Pour qu'ils échappent à cette folie meurtrière dont notre espèce, dite humaine, est coutumière, avec un courage immense, leurs parents leur demandent de partir le plus loin possible et de cesser d'être frères ! Yehoyakim devient Joaquím et Yehohanan, Juán. Leur mère leur donne de l'argent et leur confie « qu'elle avait dissimulé dans les doublures un minuscule objet : un triangle en cuivre doré, la moitié d'un sceau de Salomon, la figure en étoile qui formait le symbole des juifs. » C'est la fameuse étoile brisée, titre de cet extraordinaire roman historique remarquablement construit.
Après le prologue, les histoires se mêlent et s'entremêlent, réparties en quatre grandes parties complétées par un épilogue comprenant six lettres révélant encore des éléments essentiels à la vie des principaux personnages. D'ailleurs, au début de chaque partie, comme pour une pièce de théâtre, Nadeije Laneyrie-Dagen a pris la peine de rappeler leurs noms pour permettre au lecteur de garder le fil. de nombreux chapitres rythment chaque partie. Ils ont tous un titre et sont précisément situés dans l'espace et dans le temps. de plus, régulièrement, sans avoir l'air d'y toucher, l'autrice glisse des rappels si judicieusement tournés qu'ils n'ont en aucun cas l'air de redites.
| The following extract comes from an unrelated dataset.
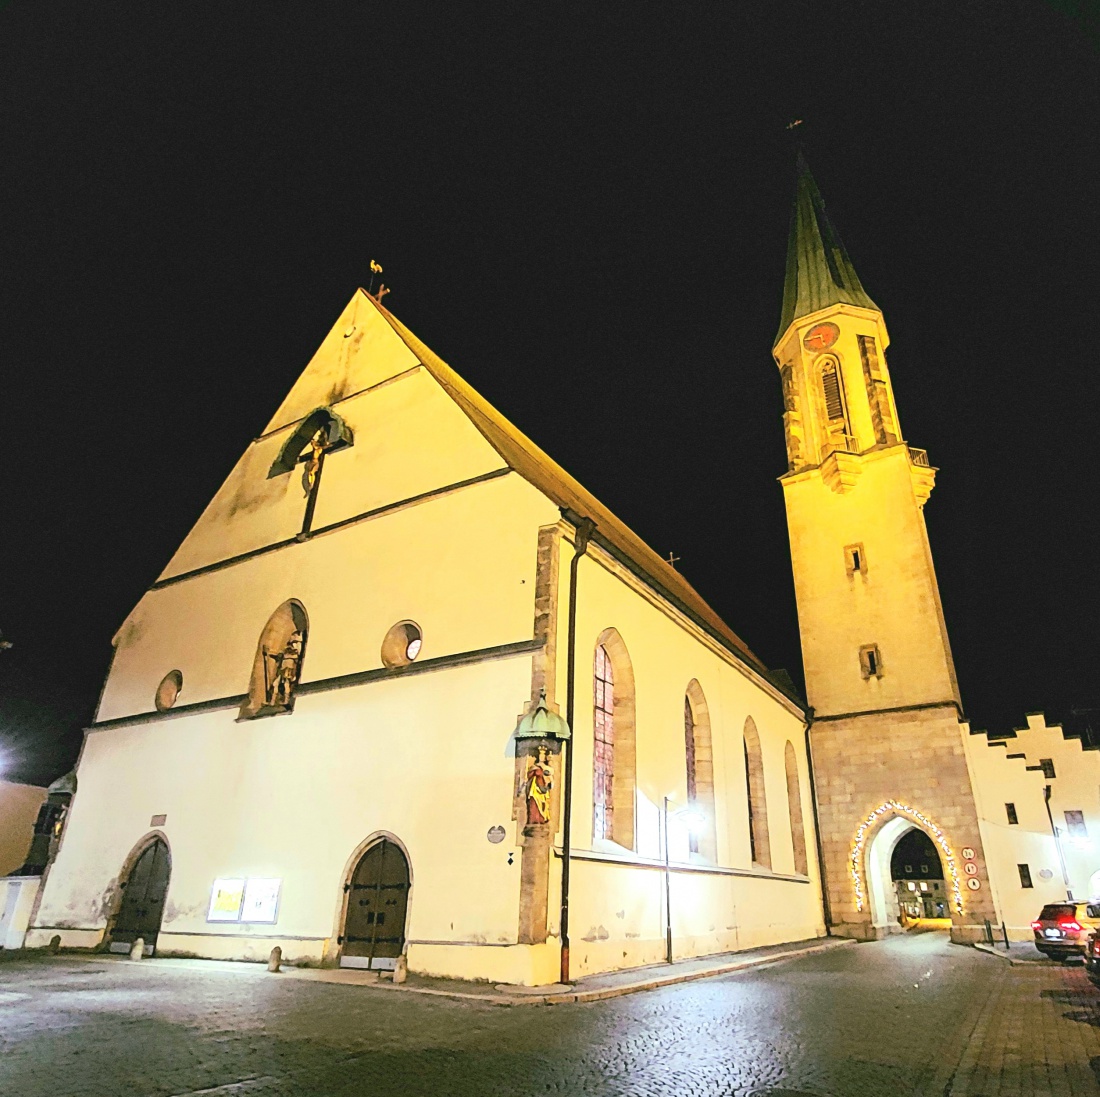 Foto: Martin Zehrer - Kemnather Kirche mit Turm... 
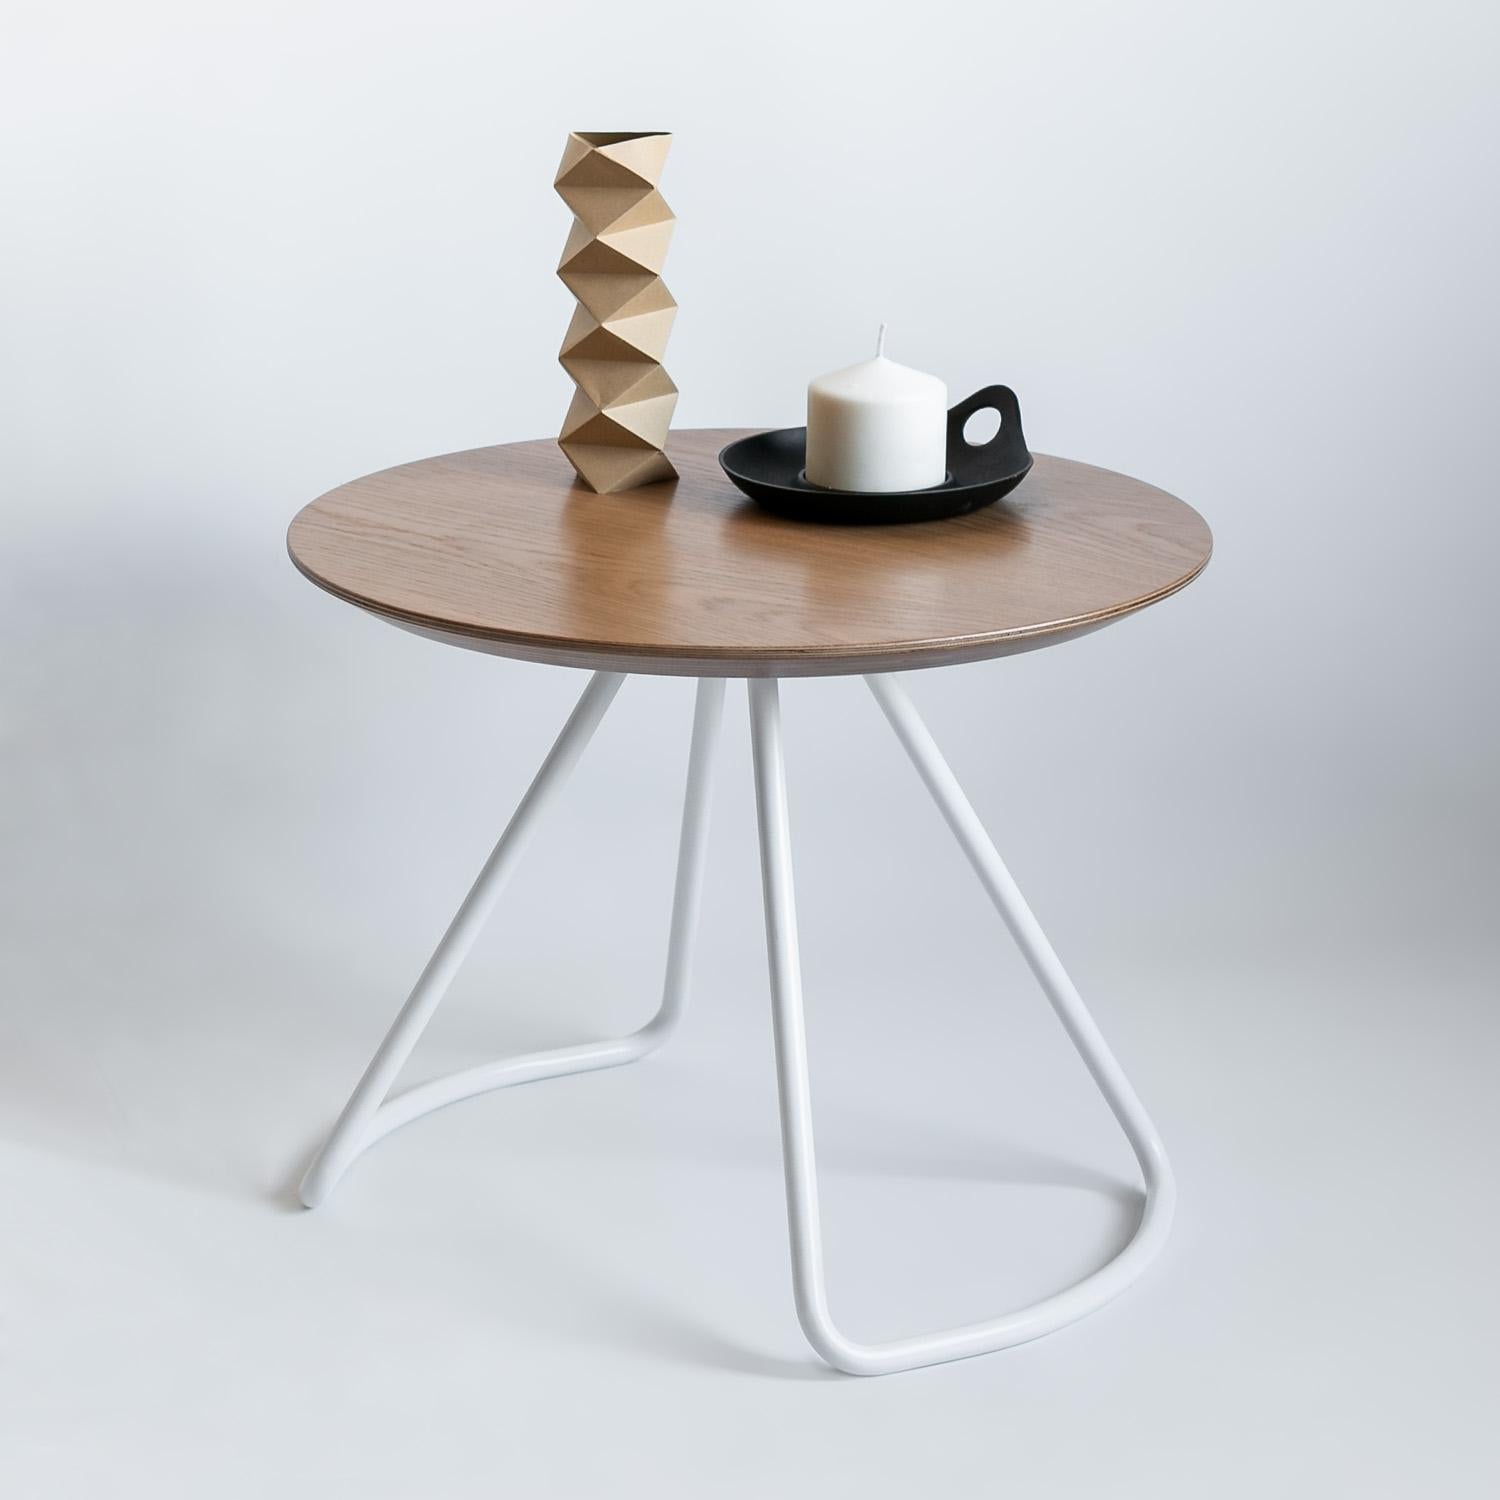 Turkish Sama Coffee Table, Contemporary Modern Minimalist Natural Oak & White Metal For Sale

C'est magistral !
Laissant chacun des deux frères fuir l'intolérance et la folie anti-juive, j'ai été plongé sans ménagement dans Florence, en mai 1498, au moment où Girolamo Savonarole va être supplicié. Guido Liuciardi a quatorze ans et il se trouve dans le palais de la famille Vespucci pour y assister. C'est là qu'il remarque une fillette d'à peine huit ans qui pleure : Lisandra.
L'action se déplace ensuite à Séville, en Andalousie, où commencent les rencontres prestigieuses avec Cristobal Colón et Amerigo Vespucci, tous les deux passionnés par la recherche de nouvelles terres.
Ainsi, d'Italie en Espagne puis d'Allemagne en Angleterre, sans oublier la France mais aussi les Canaries, l'Algérie et le nouveau monde, l'autrice m'a fait beaucoup voyager et appris quantité d'informations sur les découvertes de l'époque. Son roman est très documenté sans être jamais lassant ou didactique.
Si violence et haine, esclavage, intolérance religieuse et cupidité ont bien leur place, l'amour et les femmes jouent un rôle prépondérant, même si les hommes les manipulent, les violent et leur dénient les droits les plus essentiels.
J'ai déjà cité Lisandra mais il faut parler aussi de Doucine, de Laurette, de Maria Concepción dont les enfants, Ulisse et surtout Silvana excitent beaucoup la curiosité. Les hommes aiment les femmes mais des hommes aiment des hommes et des femmes aiment des femmes, en évitant que cela se sache… Au passage, Nadeije Laneyrie-Dagen gratifie son lecteur de plusieurs scènes d'amour très érotiques, superbement écrites. de plus, elle sait ne pas occulter les gestes et les moments les plus intimes de la vie quotidienne, instants que certains livres évitent trop systématiquement alors qu'ils constituent la base de nos vies, qu'ils soient plaisants ou désagréables.
Si l'un des frères Cocia est devenu médecin en Allemagne et nous permet de fréquenter Martin Luther, l'autre, passionné par la mer, devient un cartographe essentiel pour Amerigo Vespucci. C'est à lui, Juan de la Cosa, qu'est attribuée la plus ancienne carte du Nouveau Monde. Datée de l'an 1500, elle est reproduite au début du livre.
Tous ces destins se croisent, s'entrecroisent. La maladie, la vieillesse jouent leur rôle mais les sentiments, les amours, les jalousies, le poids des religions, leurs batailles pour influencer le peuple et accaparer pouvoir et richesses, tout cela est bien réel comme L'étoile brisée le démontre brillamment.
Grâce à Babelio (masse critique) et aux éditions Gallimard que je remercie, j'ai pu lire et me régaler avec un beau et passionnant roman.